Nous retrouvons notre petit Philippe dans le recensement de 1836 de la commune de Sainte-Tulle. Il est alors âgé de 11 ans, et a survécu jusque là. Dans la vie courante, il ne s’appelle plus Philippe, mais il est surnommé “Lancelot”. Il vit toujours chez Antoine ALLIBERT et Marguerite ROLLAND, chez qui il avait été placé en nourrice. En 1841, à l’âge de 16 ans, il vit toujours chez ses parents nourriciers.

Puis, en 1846, on le retrouve toujours dans le recensement de Sainte-Tulle, mais cette fois-ci domicilié chez Christophe MELVE et sa femme Marie Anne RICHARD, chez qui il travaille en tant que domestique.

Il disparaît ensuite du recensement de 1851 et réapparaît en 1856 à Sainte-Tulle, domicilié seul. Qu’est-il devenu pendant ces années ? Nous n’en savons rien, on peut néanmoins supposer qu’il soit parti à l’armée.

En 1861, et jusqu’en 1870, il reprendra son poste de domestique chez Christophe MELVE.

 

En parallèle, revenons en 1849. Nous sommes le 21 décembre. Lancelot vient de fêter ses 25 ans. A Sainte-Tulle, quartier du Moulin, une petite fille vient de voir le jour. Elle s’appelle Marie Léonille OLLIVIER. Elle vivra dans ce quartier avec ses parents jusqu’en 1861.

En 1866, sa famille a déménagé dans la campagne de Sainte-Tulle, dans une grande bâtisse, où vivent un certain Christophe MELVE, sa femme… Et notre Lancelot. Il est âgé de 42 ans, Marie en a 17. C’est un coup de foudre.

 

Le 02 septembre 1870, malgré leur grande différence d’âge (25 ans), Lancelot et Marie se marient dans la commune de Sainte-Tulle. Ils y vivront jusqu’à leur mort. Lancelot est capable de signer son acte de mariage, ce qui montre que malgré son statut, il aura reçu une instruction minimale, bien qu’il fasse une faute ) son prénom. D’ailleurs, l’acte de mariage sera raturé et modifié pour retirer le prénom Lancelot, n’ayant aucune valeur légale.

Il auront ensemble 4 enfants, qui prendront pour nom de famille “PHILIPPE”. Ainsi, son seul prénom deviendra un patronyme à part entière.

  • Hélène, née en 1871 et décédée au bout de quelques heures;
  • Ernest, né en 1873, et décédé en 1874 le jour de ses 1 an.
  • Fernand, né 1876, qui se maria en 1909.
  • Marie Thérèse, née en 1882, la dernière de la fratrie. Elle se marie en 1903 avec Louis Eugène Félix JULLIEN.
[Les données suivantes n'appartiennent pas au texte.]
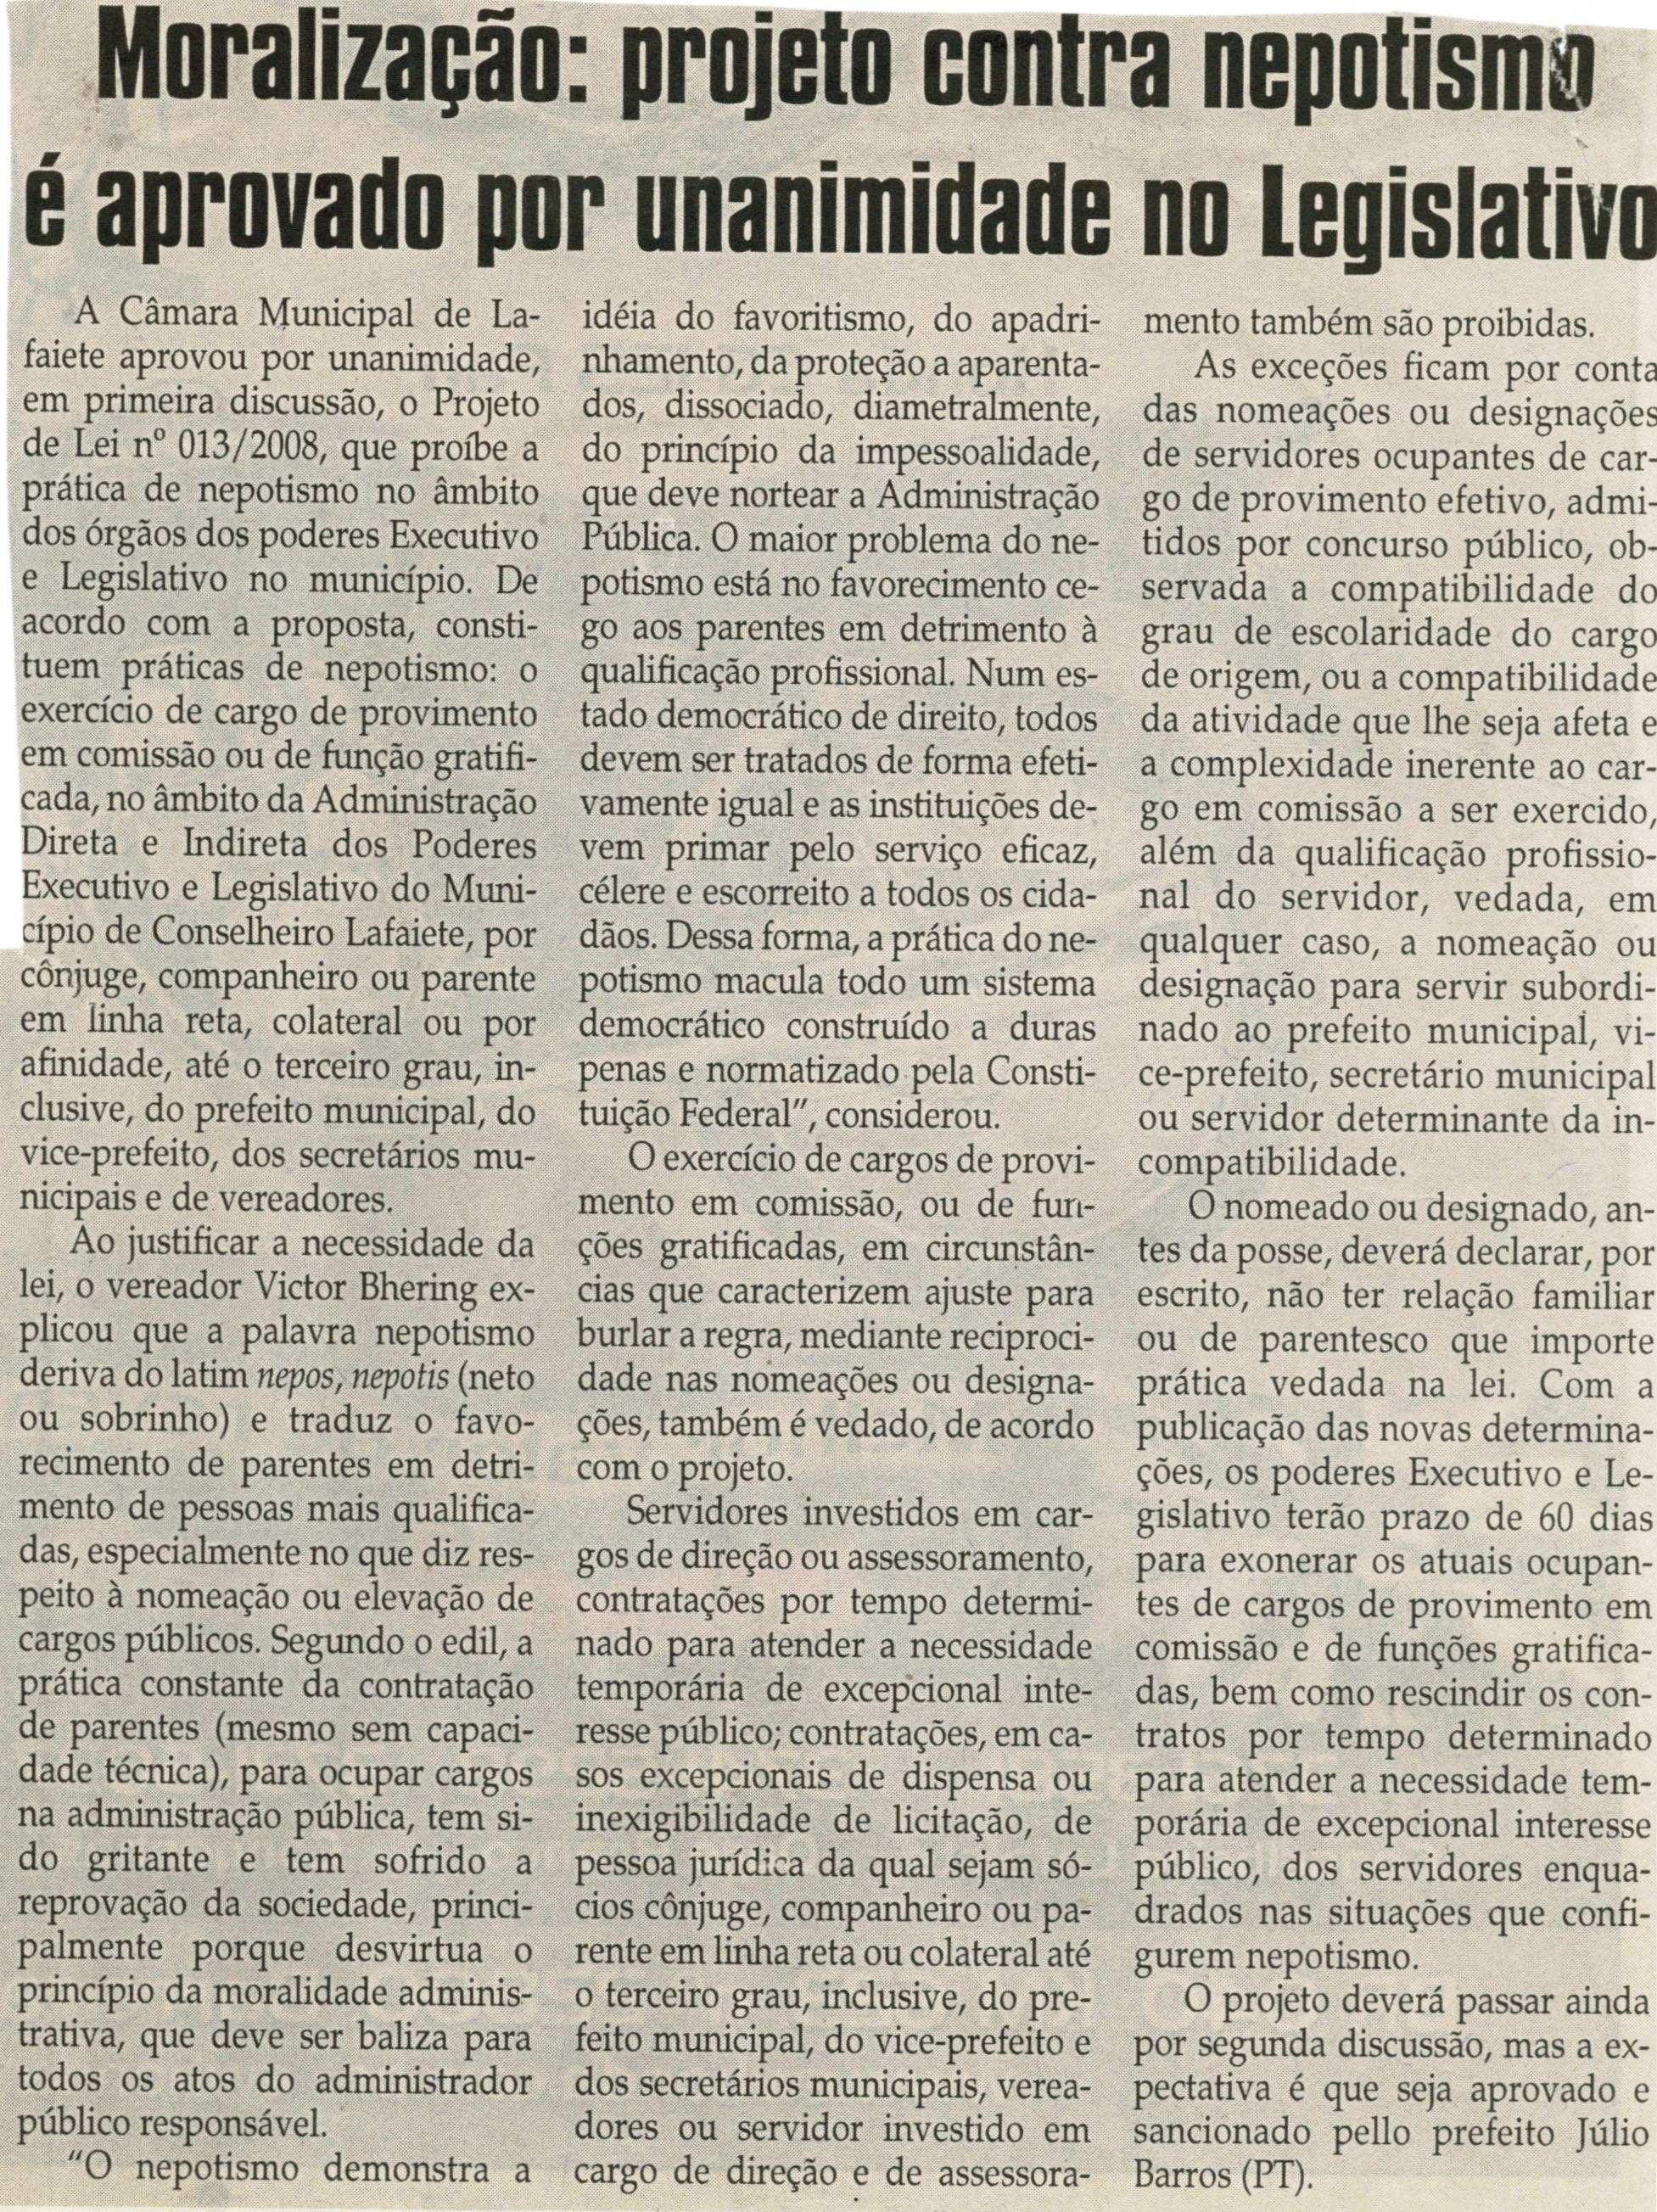 Moralização projeto contra nepotismo é aprovado por unanimidade no Legislativo. Jornal Correio da Cidade, 24 mai. 2008, p. 04.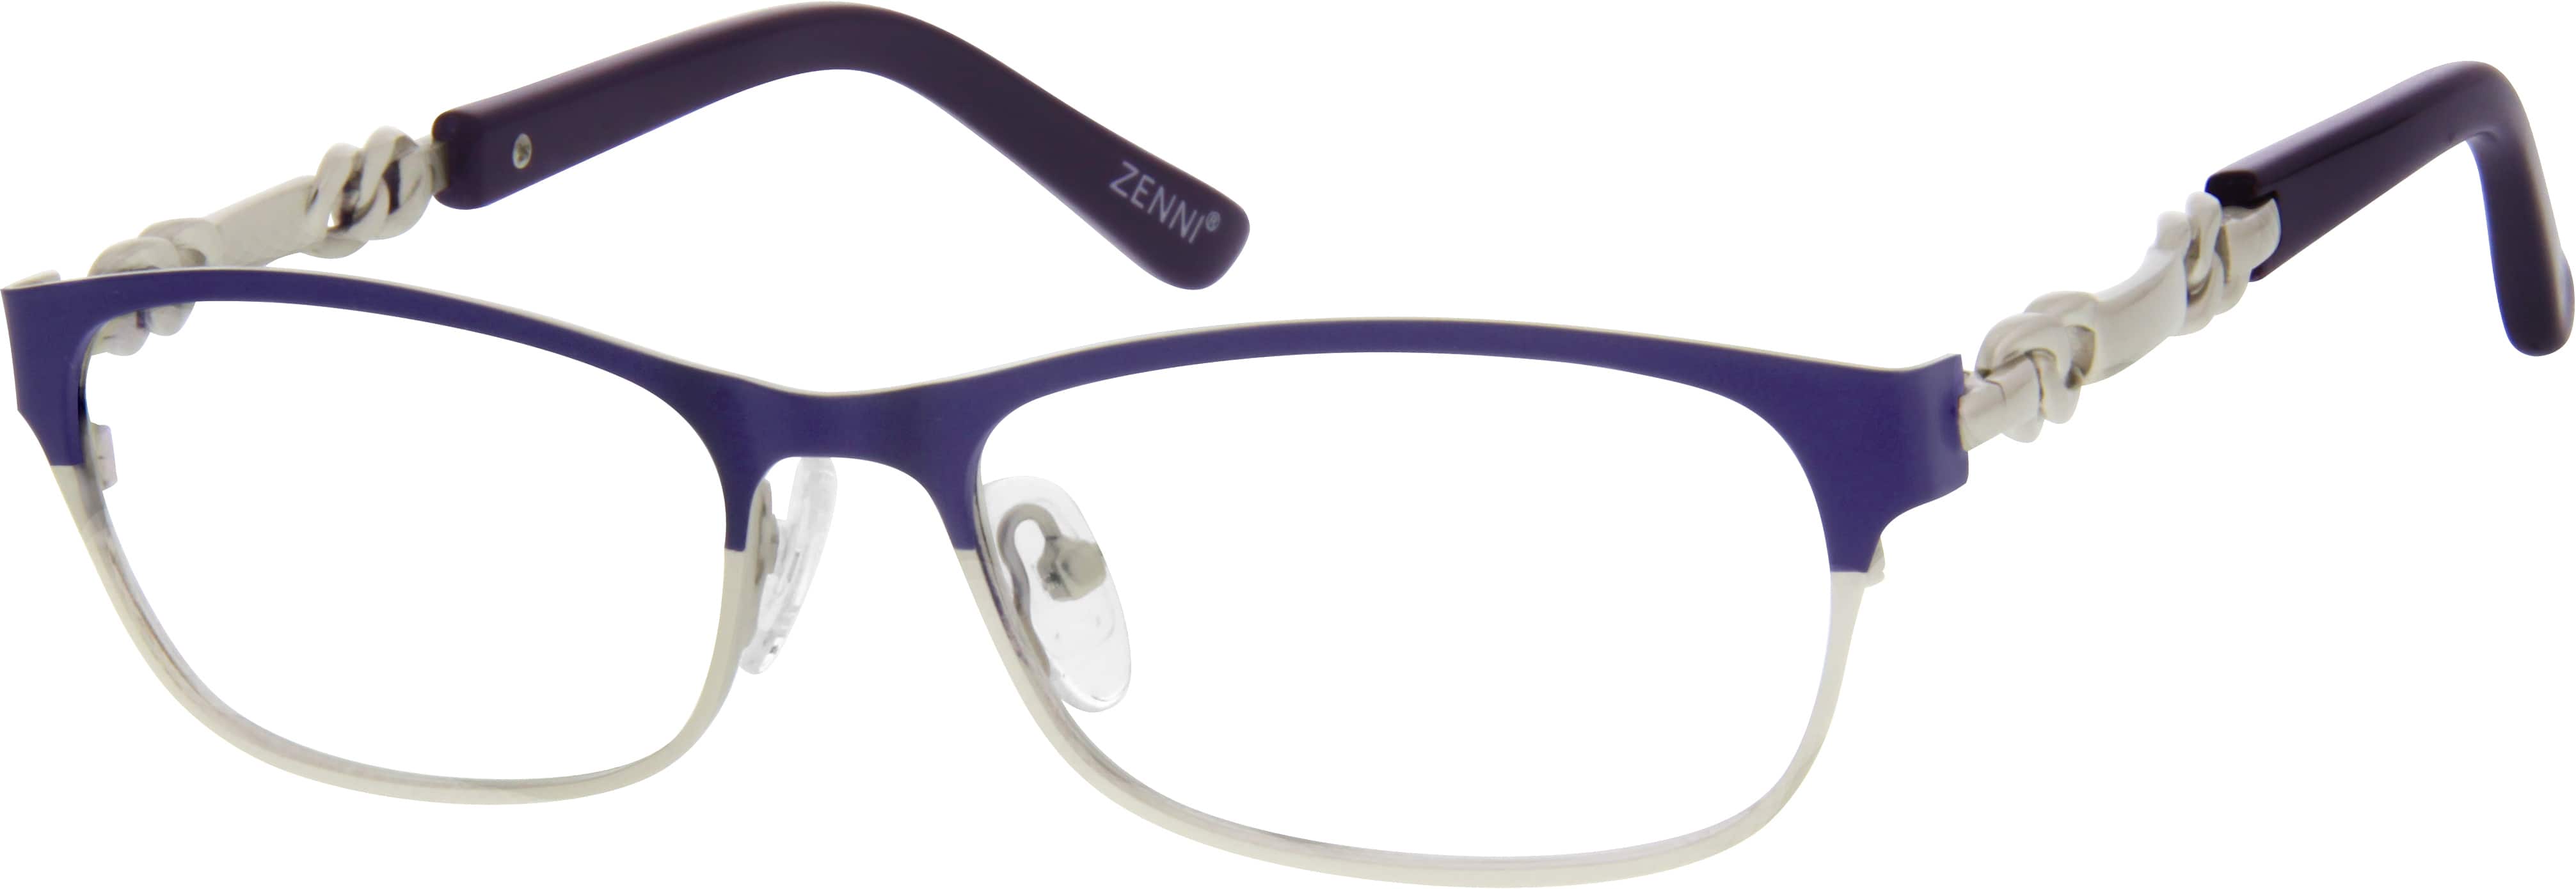 Purple Stainless Steel Full Rim Frame 1654 Zenni Optical Eyeglasses

Le mariage de Marie Thérèse donnera 7 enfants, dont seulement 3 atteindront l’âge adulte. Lancelot aura la chance de connaître ses 4 premiers petits-enfants.

Il s’éteindra chez lui, à Sainte-Tulle, le 05 septembre 1908, à l’âge honorable de 83 ans.

Enfant abandonné, rien ne le prédestinait à une vie si remplie. Chanceux d’atteindre l’âge de deux ans, puis chanceux d’atteindre l’âge adulte. Chanceux, à nouveau, de trouver l’amour et de pouvoir l’épouser. Chanceux, encore une fois, d’avoir une descendance pérenne et de connaître enfants et petits-enfants.